Так говорил Рэджи. Билл же туго соображал и никак не мог понять, почему этот забытый богом край привлек внимание боссов и какую пользу он может принести самой сильной и богатой стране, лежащей за десять тысяч миль отсюда. И вообще его мало волновало, что думают там, в Вашингтоне и Калькутте. Эти жирные боссы не испытали и тысячной доли того, что ему приходится переживать каждый день. Он, Билл, еще не замечал, чтобы от дикарей была какая-то польза. А Рэджи? Какой парень! Прошел огонь и воду. Хитрый, как тысяча чертей. Мог бы вполне проскочить в генералы. А чем кончил здесь? Погиб от руки сумасшедшей дикарки!
Так рассуждал Билл, когда бежал из джунглей. И вот он снова в джунглях, среди этих людей, от которых бежал.
– На-ка, подкрепись! Может, аппетит прорежется! – Алекс подошел к американцу, протягивая чашку с ромом.
– Благодарю, кинг! – буркнул Билл. Он опрокинул в рот жгучую жидкость.
Потом медленно повернул перевязанную голову, и Алекс заглянул, наконец, в зеленые глазки «Золотого дьявола».
– Забудь прошлую обиду, Ал! – глухо заговорил Билл. – Теперь не вернешь ничего. Погибли все товарищи, один я остался. Очень дорогой ценой заплатили мы за Гаро. И поделом нам. А ты, кинг, скоро будешь генералом, туземным генералом. Провалиться мне на этом месте, если я вру! Смотри, у тебя уже целая армия. Ты…
– Ладно. Будешь с нами. Потом еще поговорим о всех твоих «подвигах»…
Алекс отвернулся. Жалок был сейчас «Золотой дьявол». Генерала ему пророчит. Ишь ты! Кто еще называл его так? Когда?
С гор потянуло свежестью и сразу вспомнилось. Ну, конечно, это было в детстве.
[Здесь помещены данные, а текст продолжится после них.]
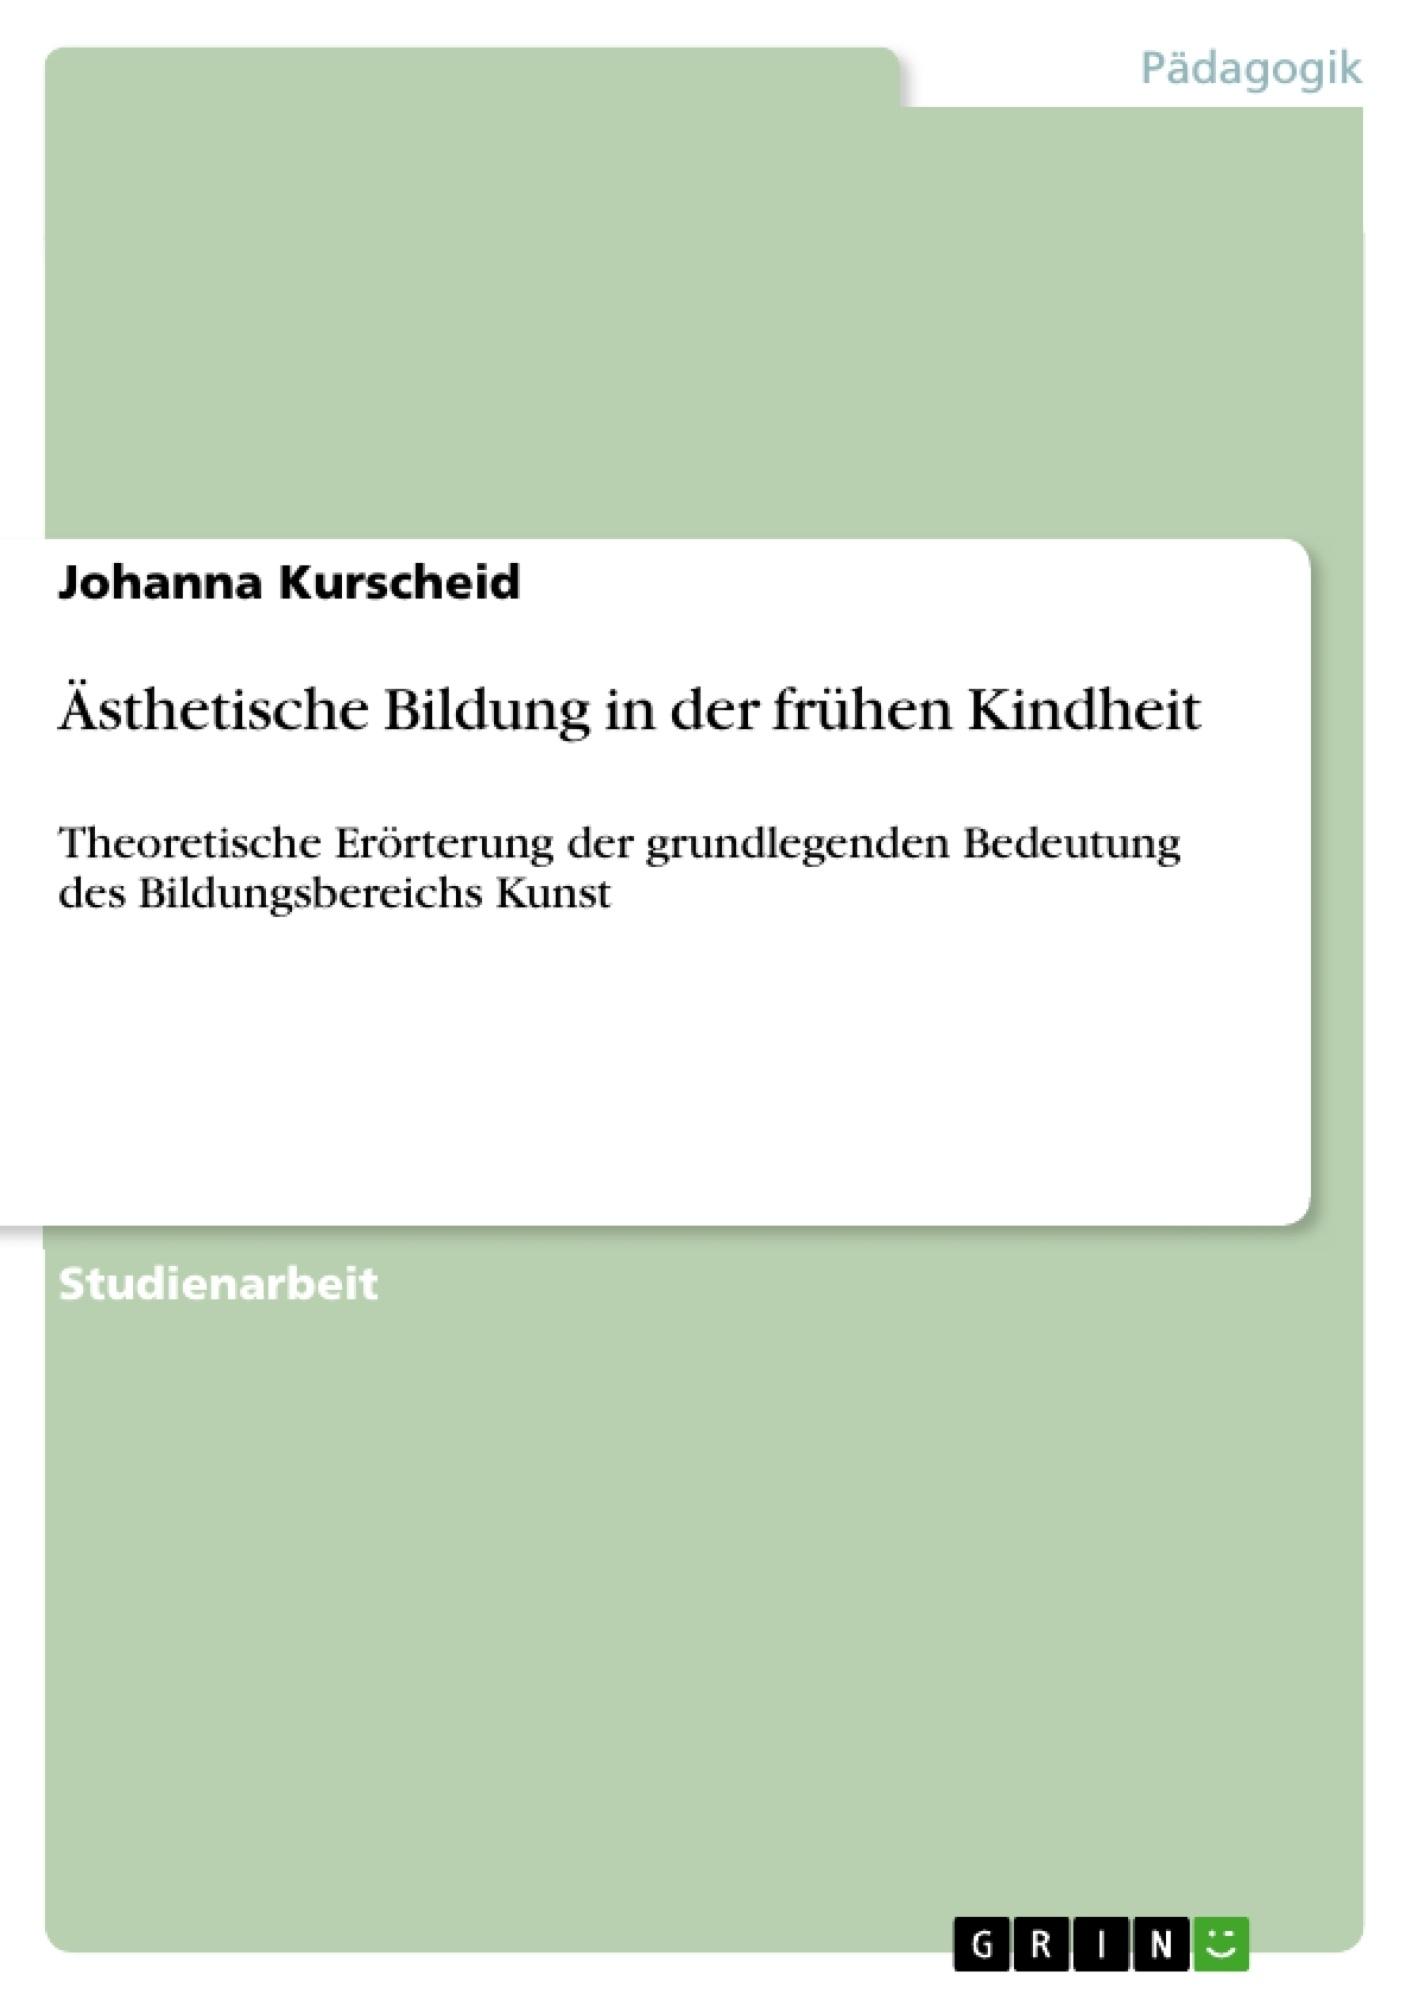 Titel: Ästhetische Bildung in der frühen Kindheit

Пионерский лагерь в Чимгане. Трое суток продолжалась военная игра. Саня командовал «синими». И, как уж повелось, «синие» должны были потерпеть поражение. Днем они схоронились в кустарнике шиповника. Никому и в голову не пришло искать их там, среди колючек, которых избегали даже козы. В вечерних сумерках, исцарапанные и довольные, выбрались они из колючего кустарника… Саня провел свой отряд без дорог и тропинок прямо через гору и бурливую горную речушку.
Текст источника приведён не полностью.